MATERIALS PROVIDED.

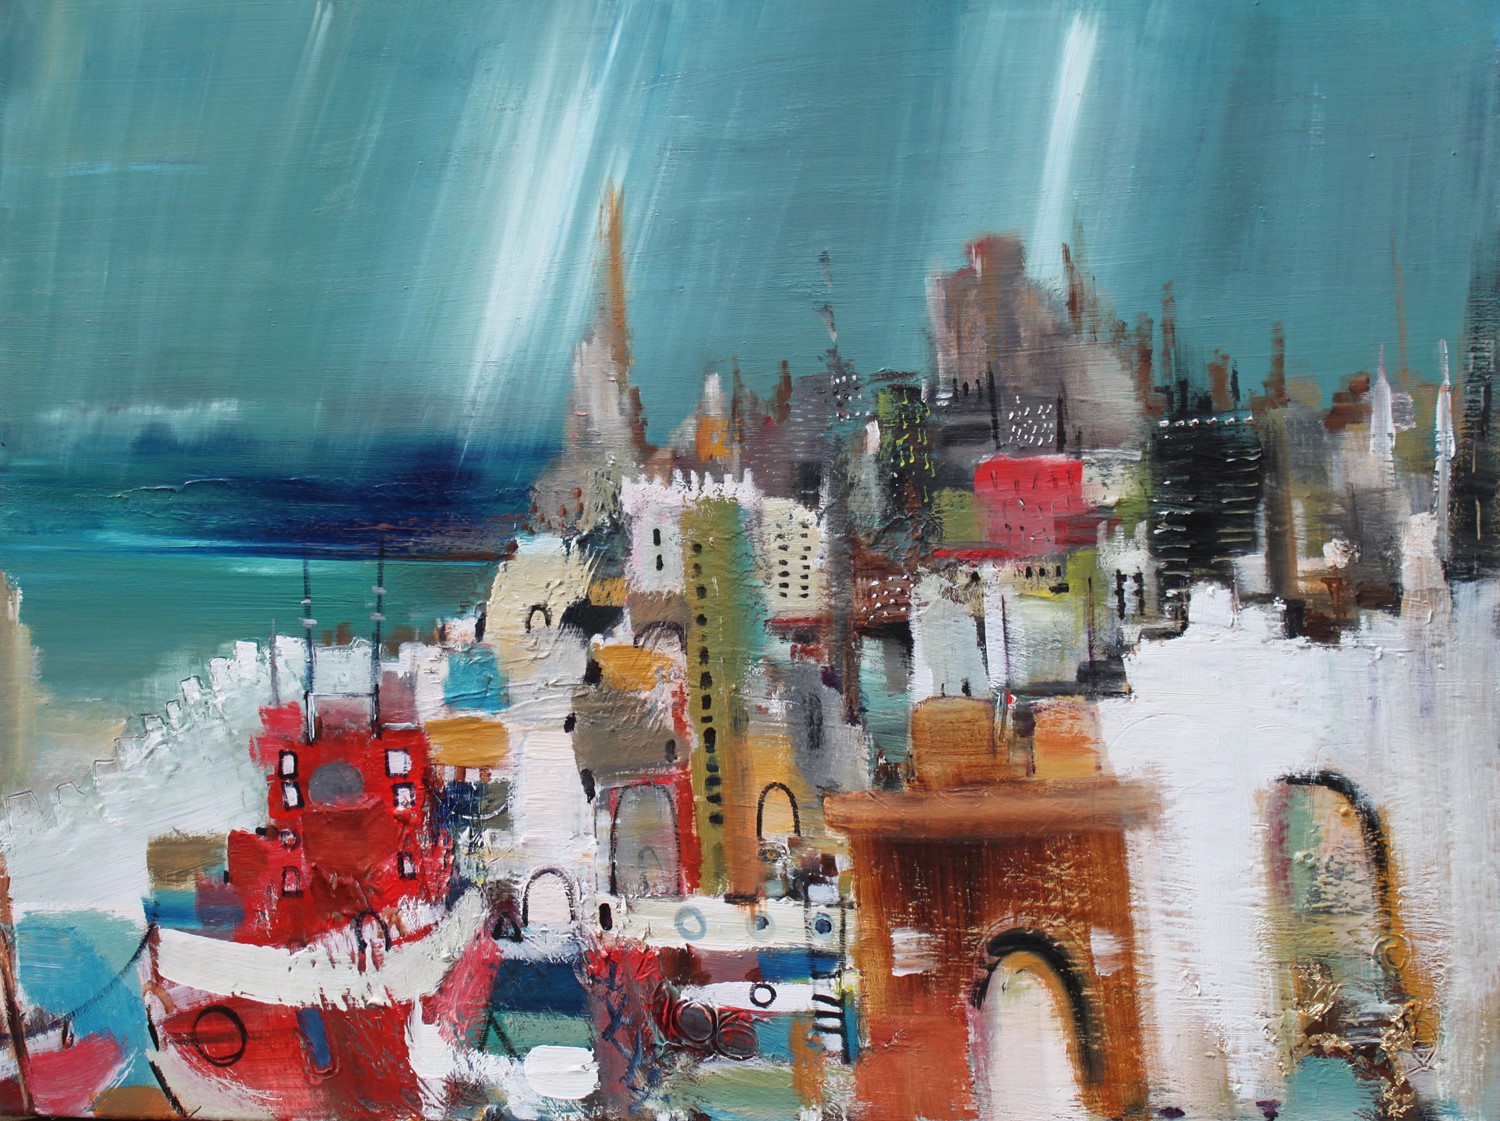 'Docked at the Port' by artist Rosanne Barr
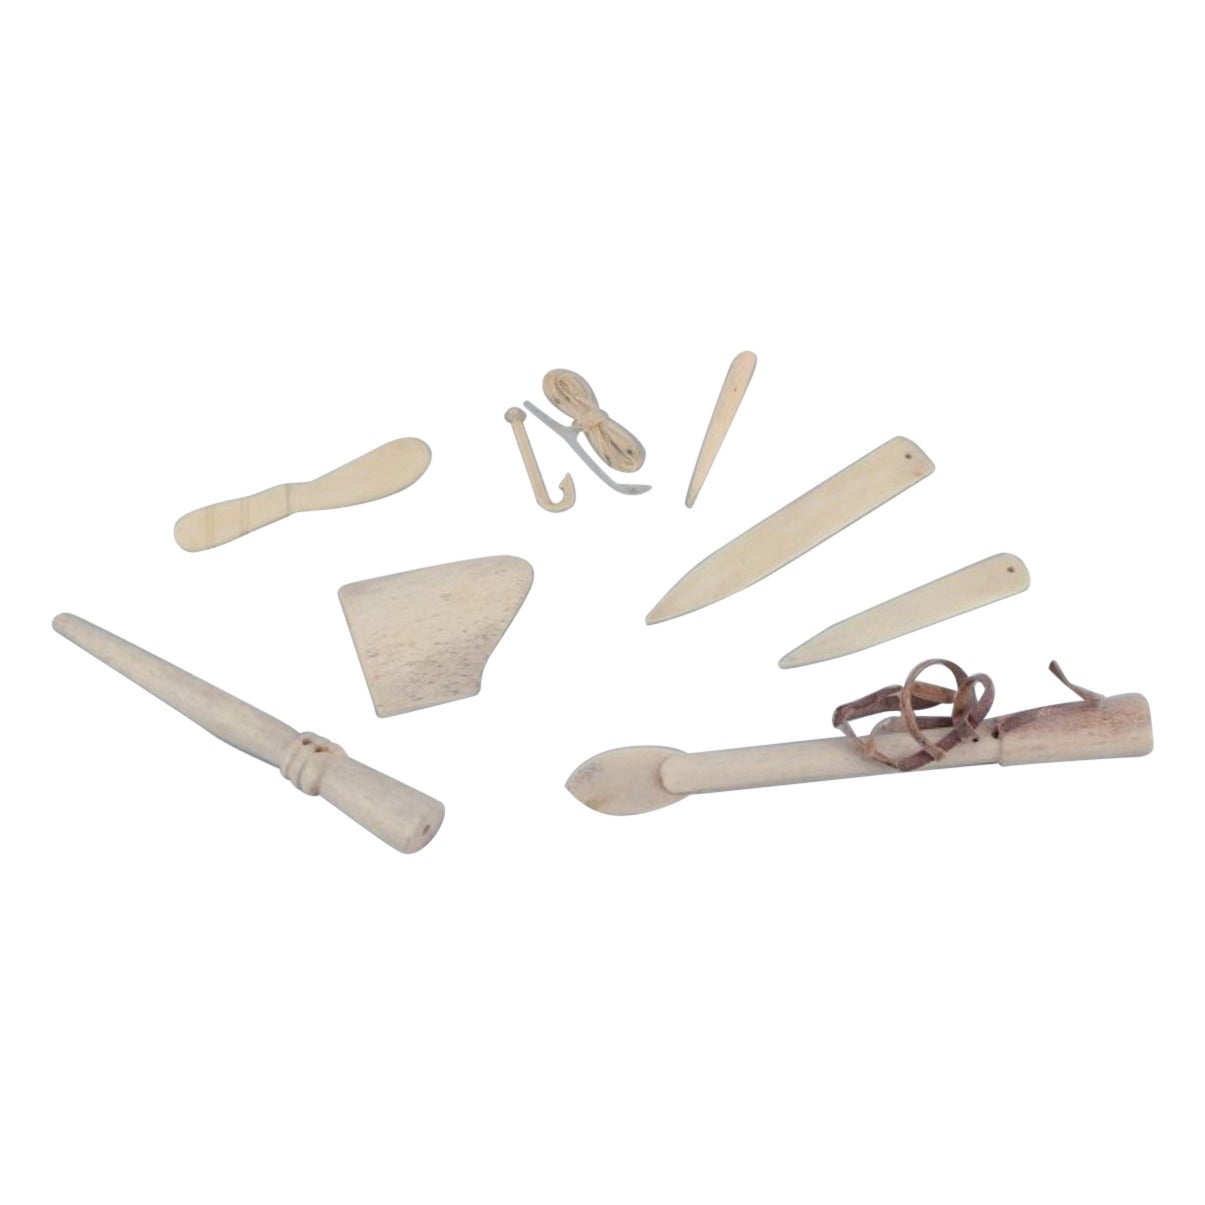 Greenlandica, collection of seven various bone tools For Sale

==

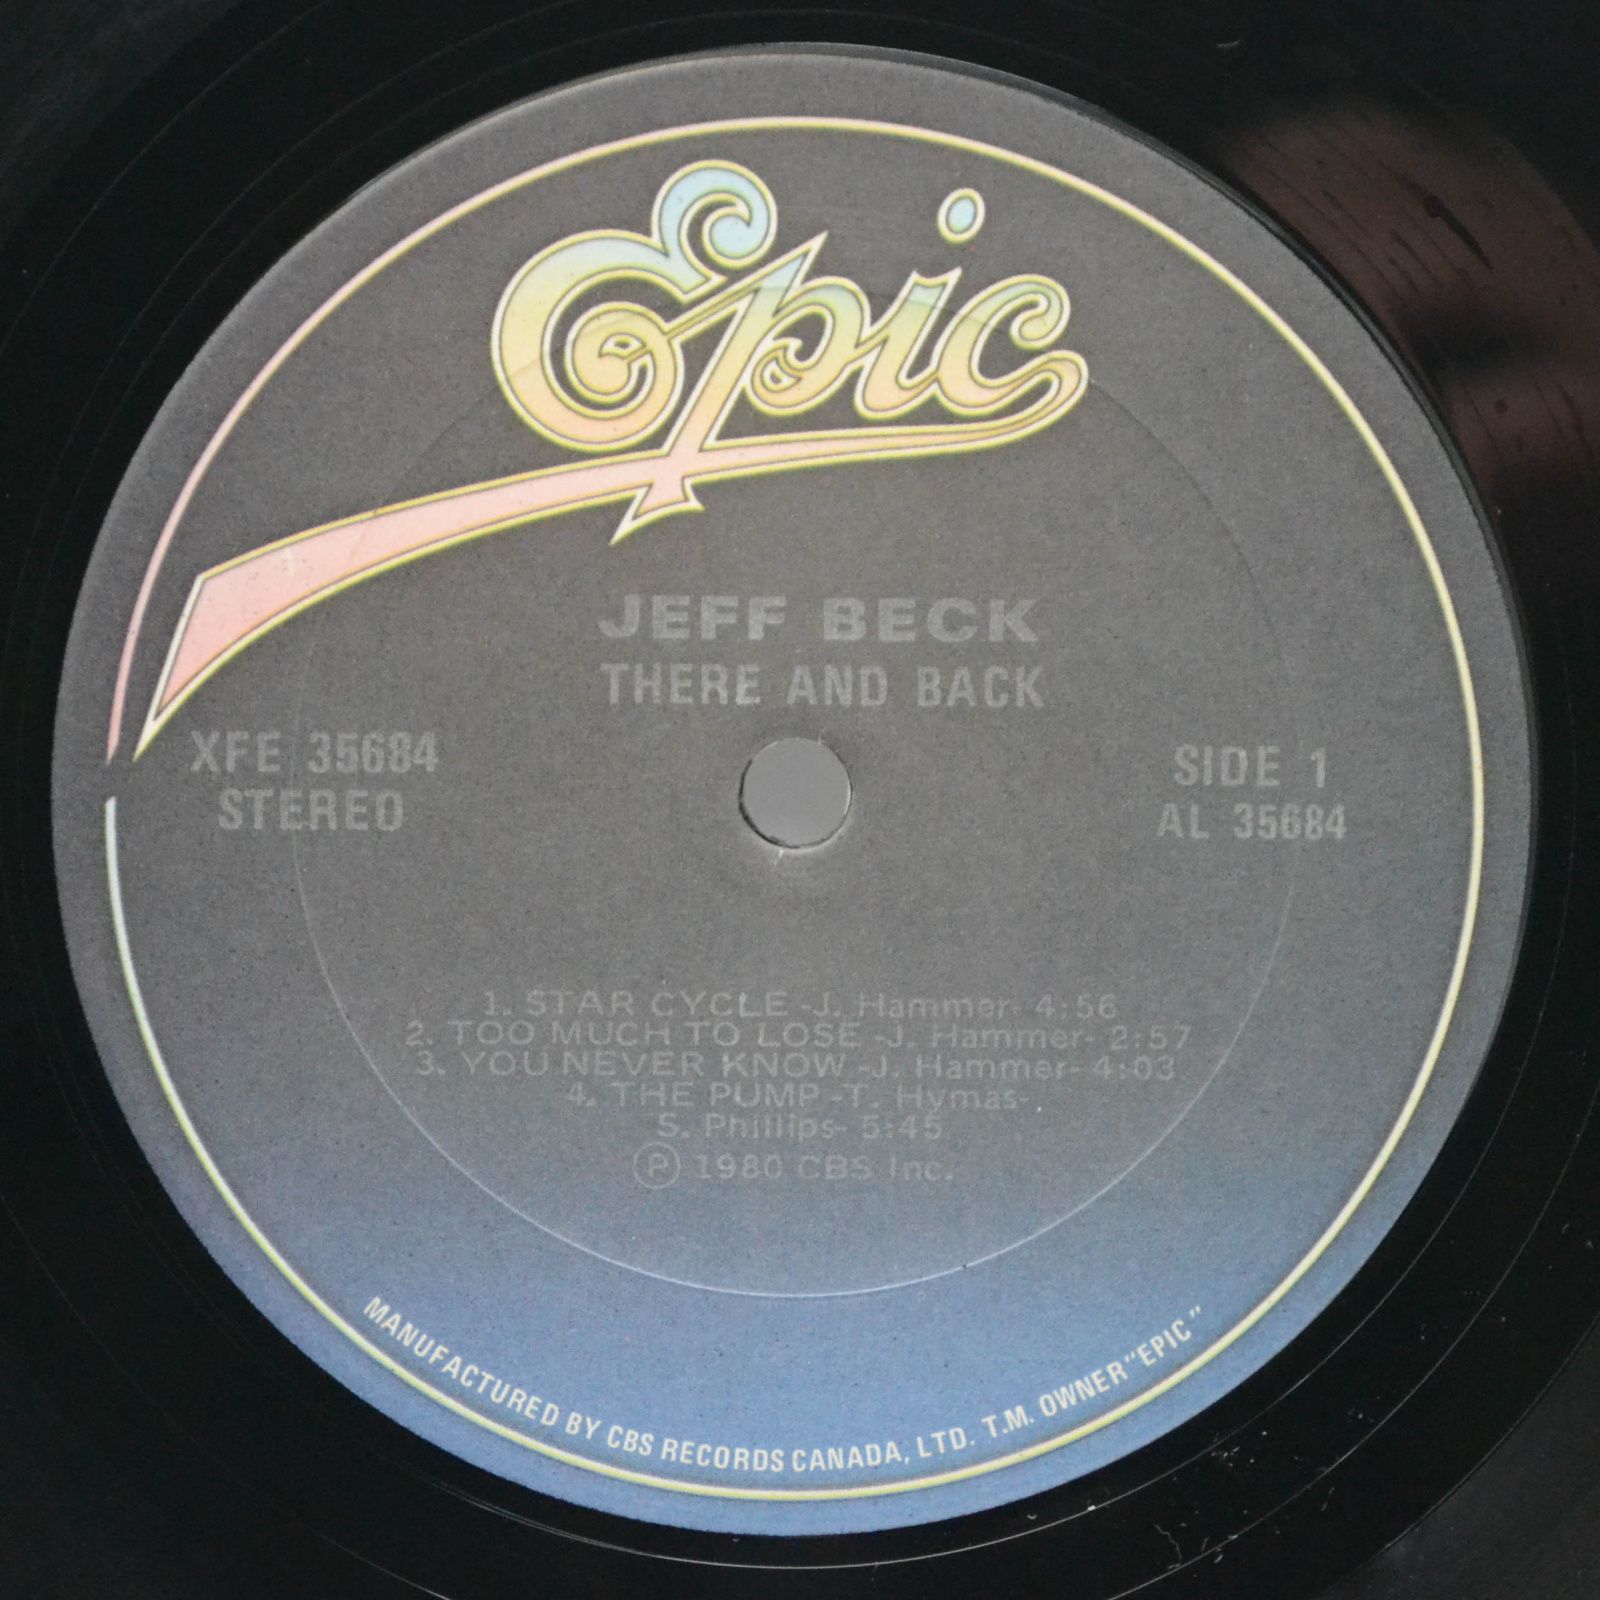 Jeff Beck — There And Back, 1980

WHAT TO PRODUCE. Pictures aside, return exactly the lines from the data above, starting at the line that has "artist Rosanne Barr" and ending at the line that has "Greenlandica, collection of", both included.

OUTPUT OF THE EXERCISE.
 'Docked at the Port' by artist Rosanne Barr
 Greenlandica, collection of seven various bone tools For Sale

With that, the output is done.